Revalidatieproces na transplantatie
Bemelmans legde kort het proces na transplantatie uit. ‘Een patiënt ligt zo’n 10 dagen in het ziekenhuis, daarna gaat de patiënt voor ongeveer 2 weken naar een revalidatiecentrum, waarschijnlijk het Zorghotel, en vervolgens wordt bekeken hoe de ontvanger gezond kan gaan leven. Daarnaast ook frequent nog de poli in het St. Vincentius bezoeken, 2 keer per week, controle, medicijnen krijgen. Uiteindelijk eens in de 3 maanden gecontroleerd worden. De levensverwachting na transplantatie ligt tussen gezonde bevolking en patiënten die dialyseren. Een niertransplantatie is beter dan dialyseren. Als je 30 jaar jong bent, dan heb je een dialyseverwachting van 15 jaar, als je een nier krijgt dan komt er 20 jaar bij.’
Verzekering
Oemrawsingh zei dat in Nederland iemand na 10 dagen gewoon naar huis gaat, omdat er voldoende zorgsystemen zijn en die zijn er niet in Suriname. ‘Zelf gaan wij medicijnen halen en uitreiken aan patiënten en ook controleren dat ze het innemen. De patiënt hoeft niet naar de apotheek. De kosten worden geregeld met de zorgverzekeraars. We zijn in gesprek met de SZF (Stichting Staatsziekenfonds) en met de minister van Financiën, Armand Achaibersing. Hij ondersteunt ons project volledig, ook Survam (Surinaamse Vereniging van Assurantiemaatschappijen), met wie we ook praten. Met een niertransplantatie wordt veel bespaard op nierdialyse.’

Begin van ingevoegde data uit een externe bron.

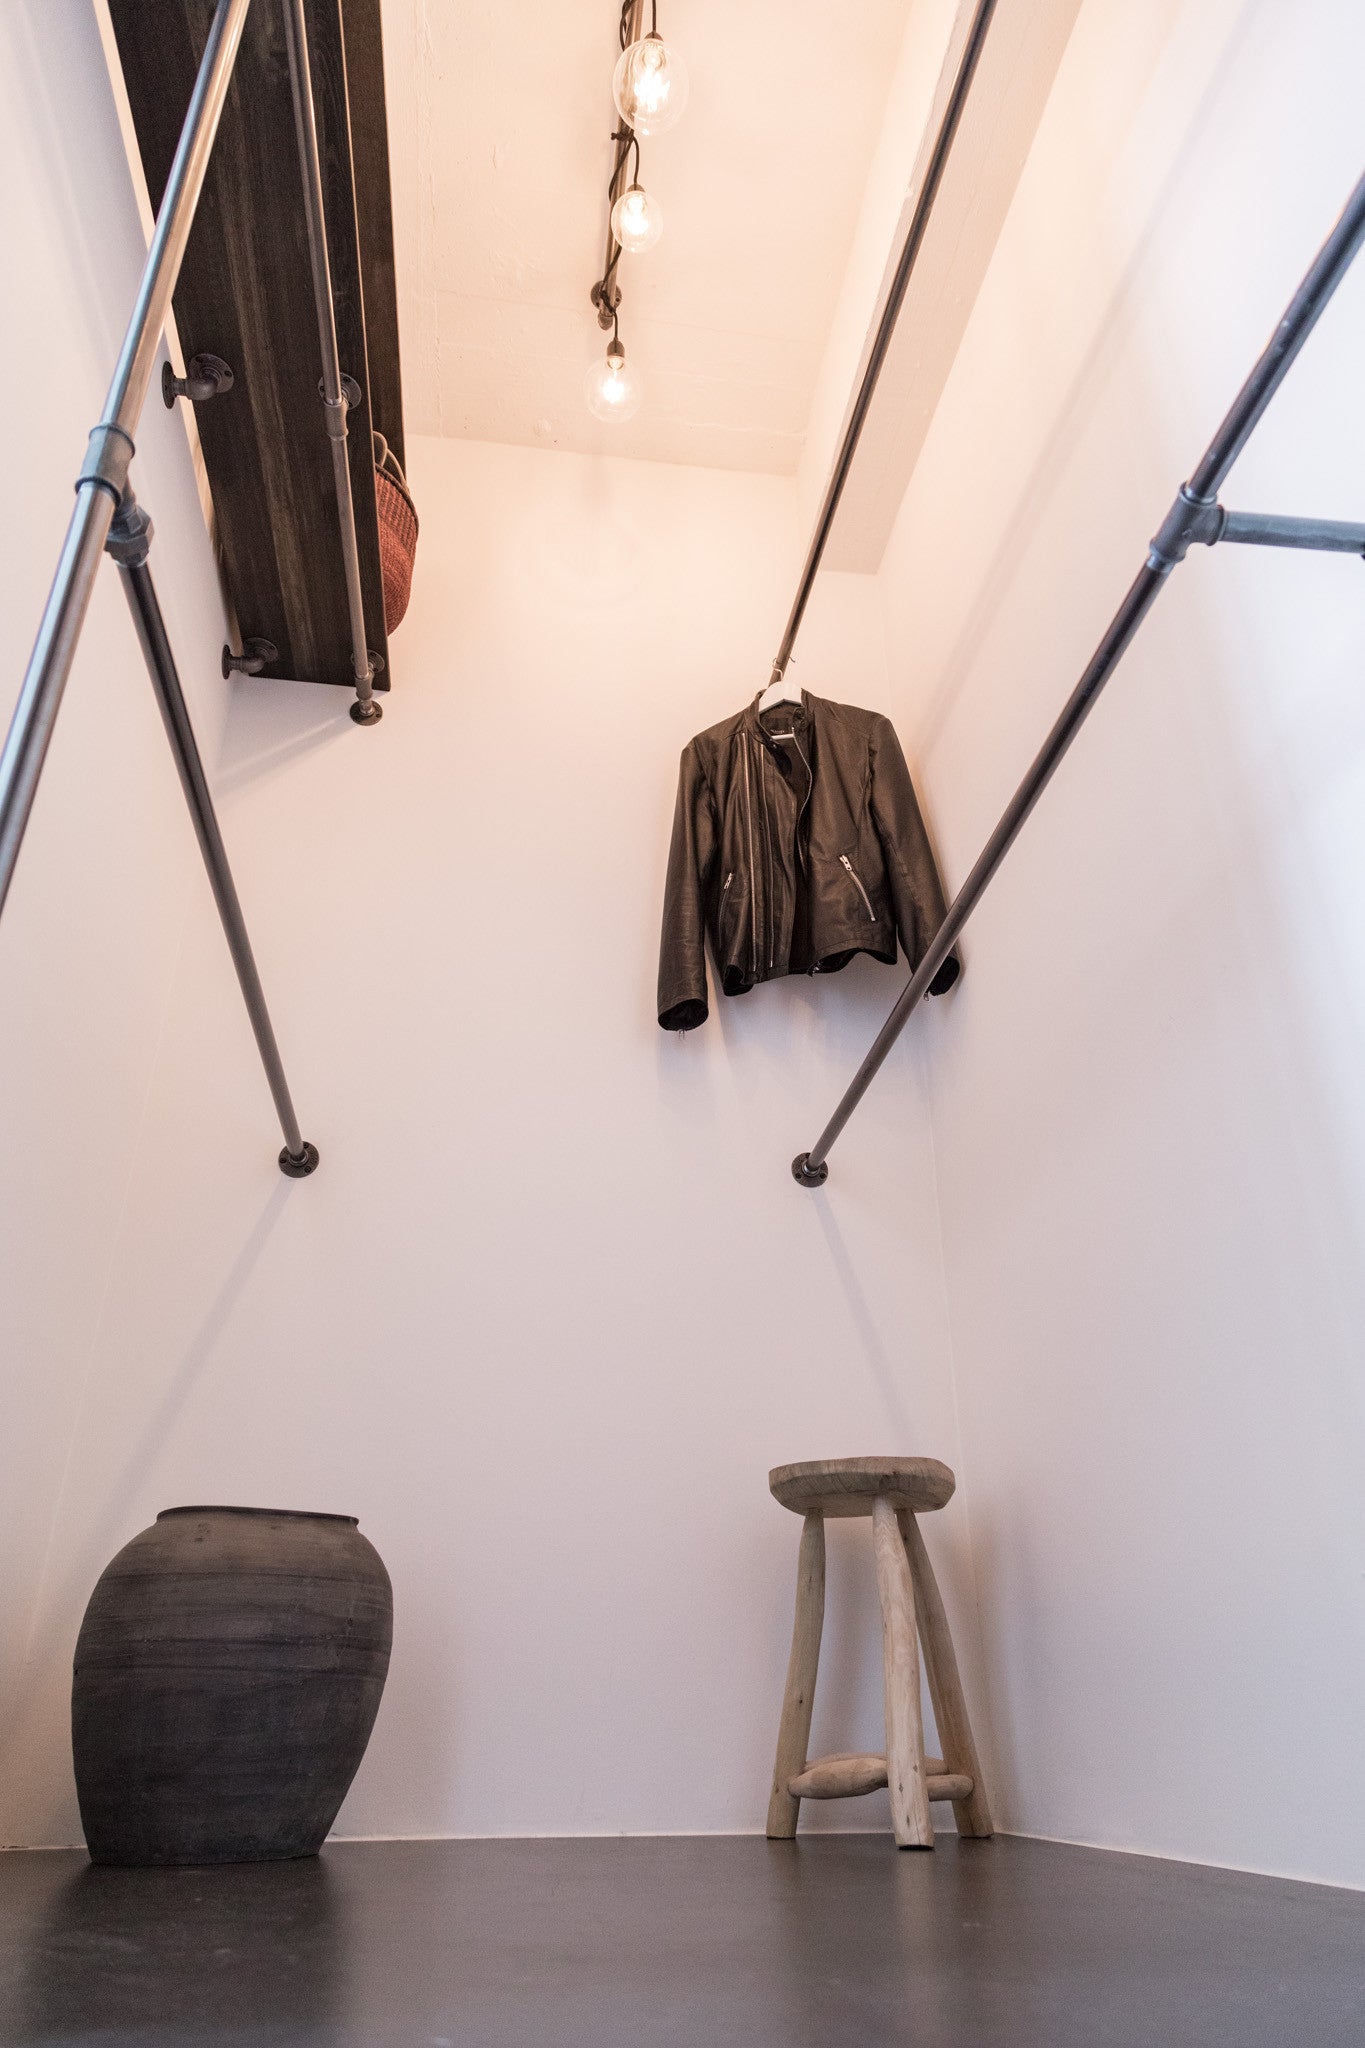 Walk-in closet Lösung in STAY Copenhagen - industrielles Design von RackBuddy
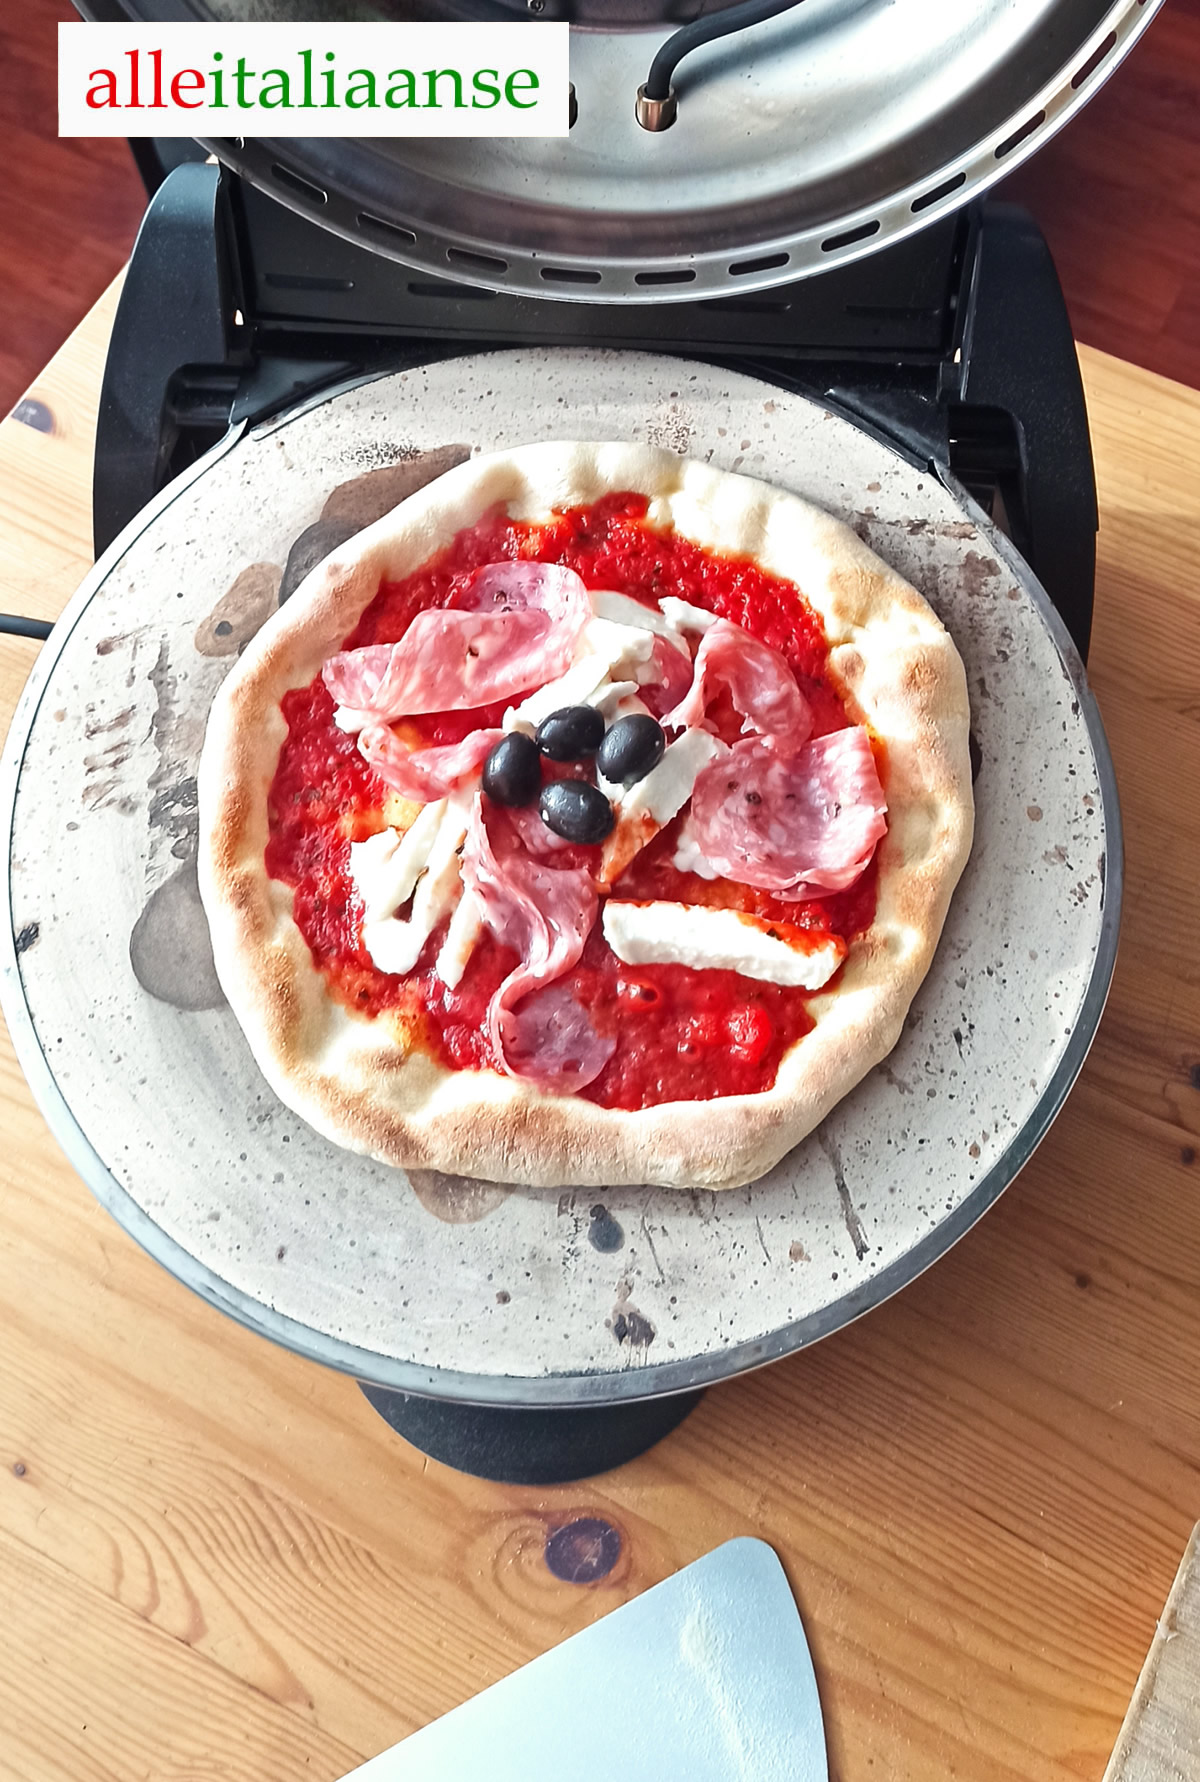 Pizza diavola gebakken met elektrische pizzaoven G3 Ferrari - Alle Italiaanse

Idu: ‘Nierdialyse is een chronische behandeling, met een levensverwachting tussen de 12 en 15 jaar. Gemiddeld zo’n 3 keer per week dialyseren, kost zo’n SRD 1.000 per keer. Dat is SRD 150.000 per jaar; in 15 jaar is dat SRD 2.2 miljoen. De kosten van een transplantatie zijn veel lager, er is geen dialyse meer, dus je bespaart. Het project moet zichzelf gaan betalen.’
Tot slot laten de 3 medici weten dat de nazorg is gegarandeerd, met medewerking van het Amsterdam UMC. ‘We zijn vrijwel permanent in Suriname. Ook is er een samenwerking met lokale artsen om nazorg te kunnen leveren. Op termijn kunnen we dan zo weinig mogelijk vanuit Nederland komen.’